To illustrate, the employee may have suffered the loss of a leg or an eye as his second injury. The disability allowable against the employer would be the amount to compensate for such specific loss which should be determined first without regard to any previous disability. If, however, the employee had already lost a leg or an eye so that after the second injury he is without both legs or both eyes and thus totally disabled, the liability of the employer is limited to the amount of compensation allowable for the loss of the single leg or eye. The disability resulting from the combined injuries may be “greater than that which *836would have resulted from the subsequent injury alone” of which the employer is “liable only for the degree of disability which would have resulted from the latter injury had there been no pre-existing disability.”
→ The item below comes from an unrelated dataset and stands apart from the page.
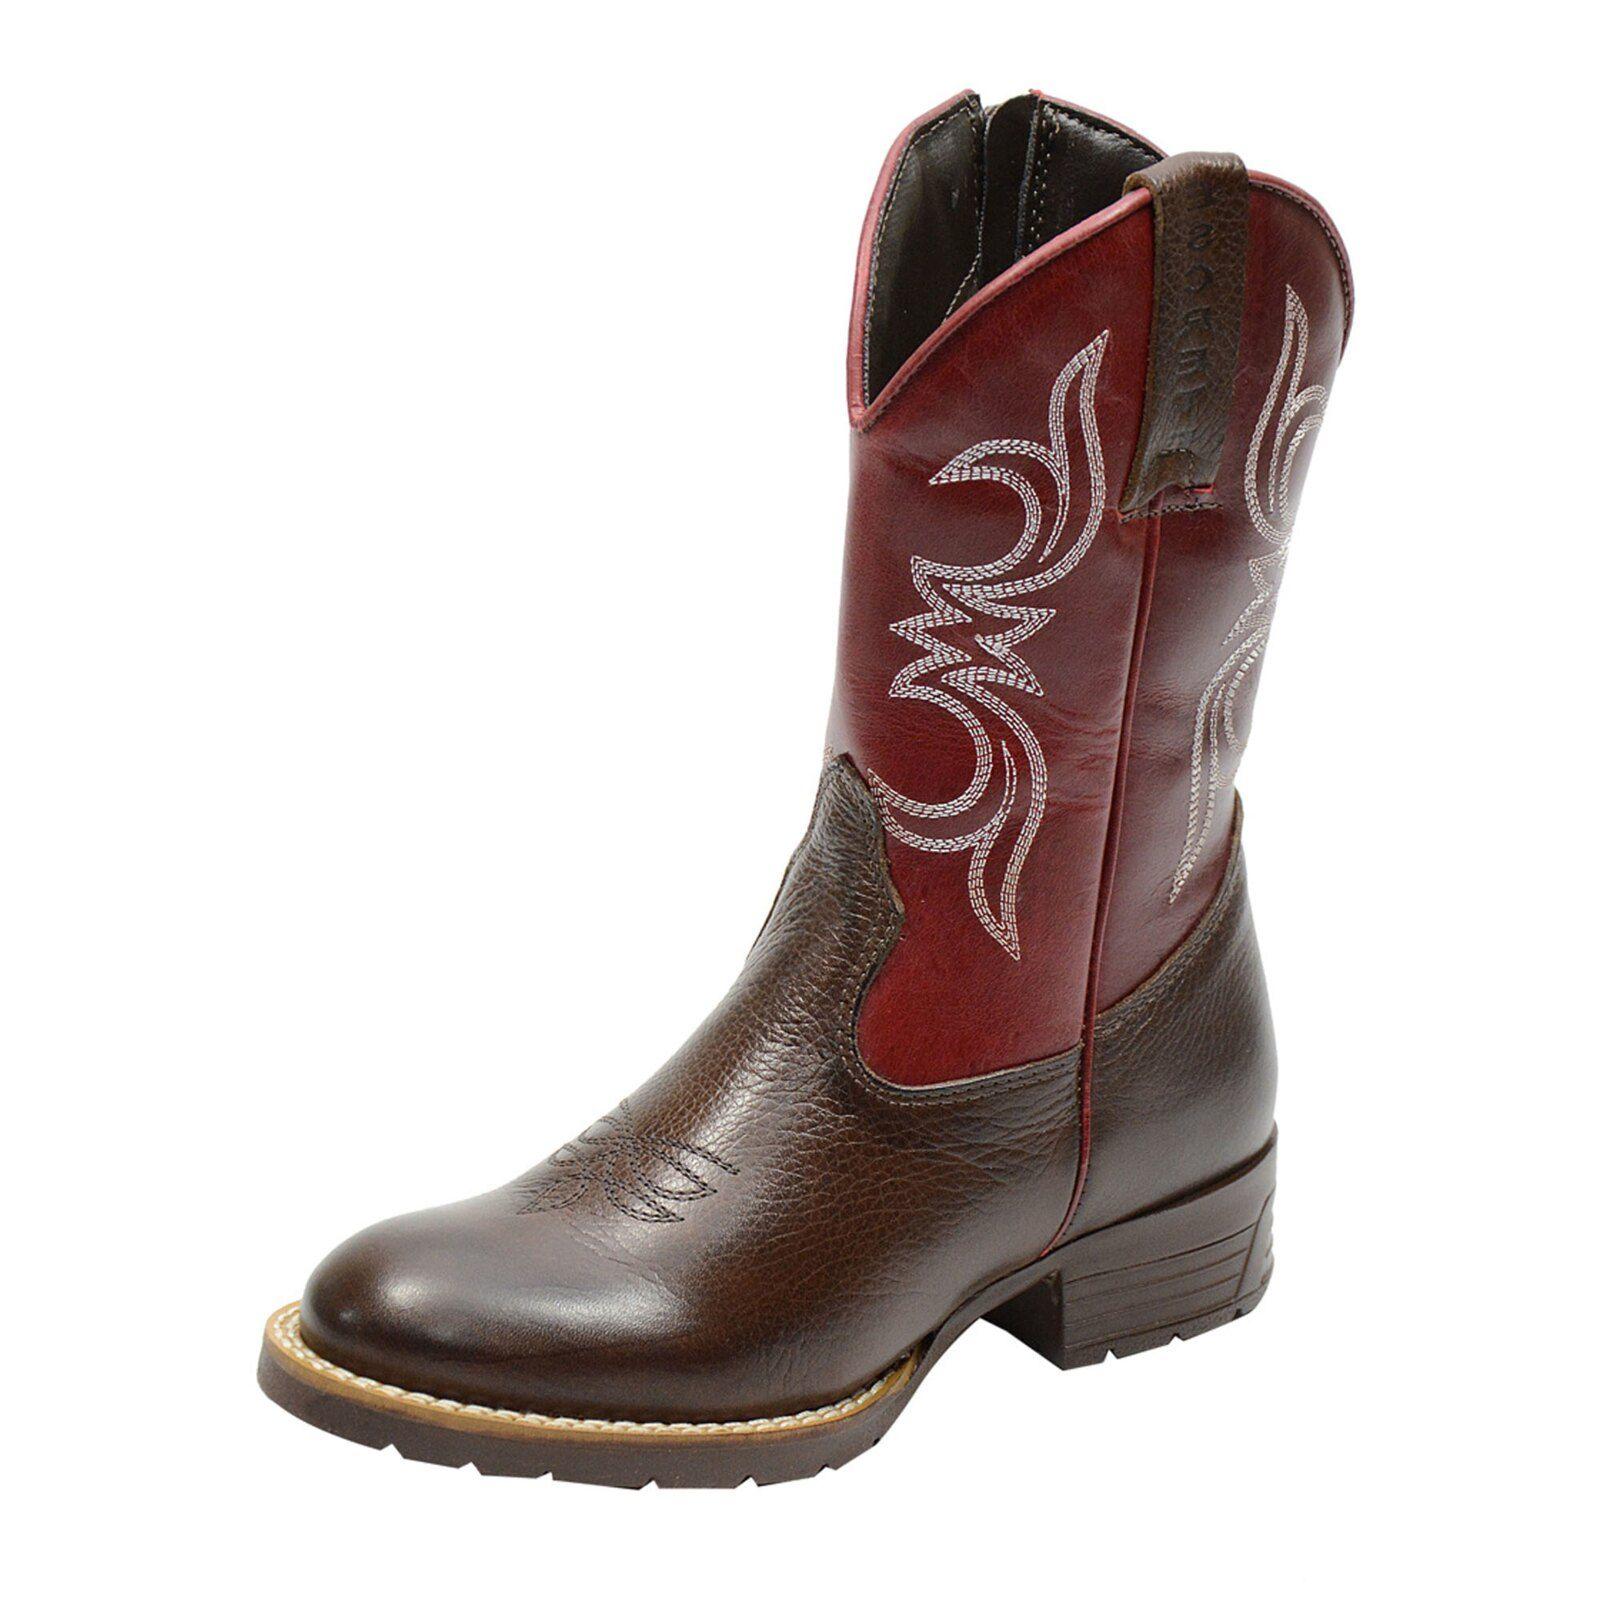 Botina Texana Infantil Atron Shoes Kids 3807 Marrom | Bota

In such case, the employer’s liability is fixed according to this standard. The Subsequent Injury Fund, now the Subsequent Claim Fund, would be liable for the degree of disability by which it exceeds the degree for which the present employer is liable plus “all compensation which the provisions of this law would have afforded on account of the prior disability had it been compensated for thereunder.” In other words, the Fund is liable for the amount by which the amount allowable for the combined disabilities exceeds the total of the two separate disabilities. To illustrate further, the disability attributable to the second injury may be 40%. The prior disability may have been found to be 35%, but “the degree of disability caused by the combined disabilities” may be 100%. In such case, the Fund would then be liable for the difference between 100% and 75%, or 25%. The effect of this is to afford relief to the employee for the combined disabilities without penalty to the employer since the surplus disability would be chargeable to the Fund.

In the present case, the employee is 100% disabled from the combined disabilities. The judgment and award are erroneous because the disability from the subsequent injury “which would have resulted * * * had there been no preexisting disability” was fixed at 85%. The method of determining such was in error since the amount of the first disability was subtracted from the combined disabilities. It was also wrong because the medical testimony describes it as very little or no permanent disability had it not been for the first injury and disability; hence, it would not be 85%. Thus, the case must be remanded for the purpose of fixing the amount of disability arising from the second injury without regard to the first disability. Once this disability is established, the Fund should be held liable for the excess of the degree of disability over and above the determined degree of disability for the second injury added to “all compensation which the provisions of this law would have afforded on account of the prior disability had it been compensated for thereunder.” It was error to dismiss the Subsequent Claim Fund.

It should be noted that no question is raised as to the correctness or propriety of fixing the degree of disability from the first injury at 15%.

The judgment is reversed for further proceedings in conformity herewith.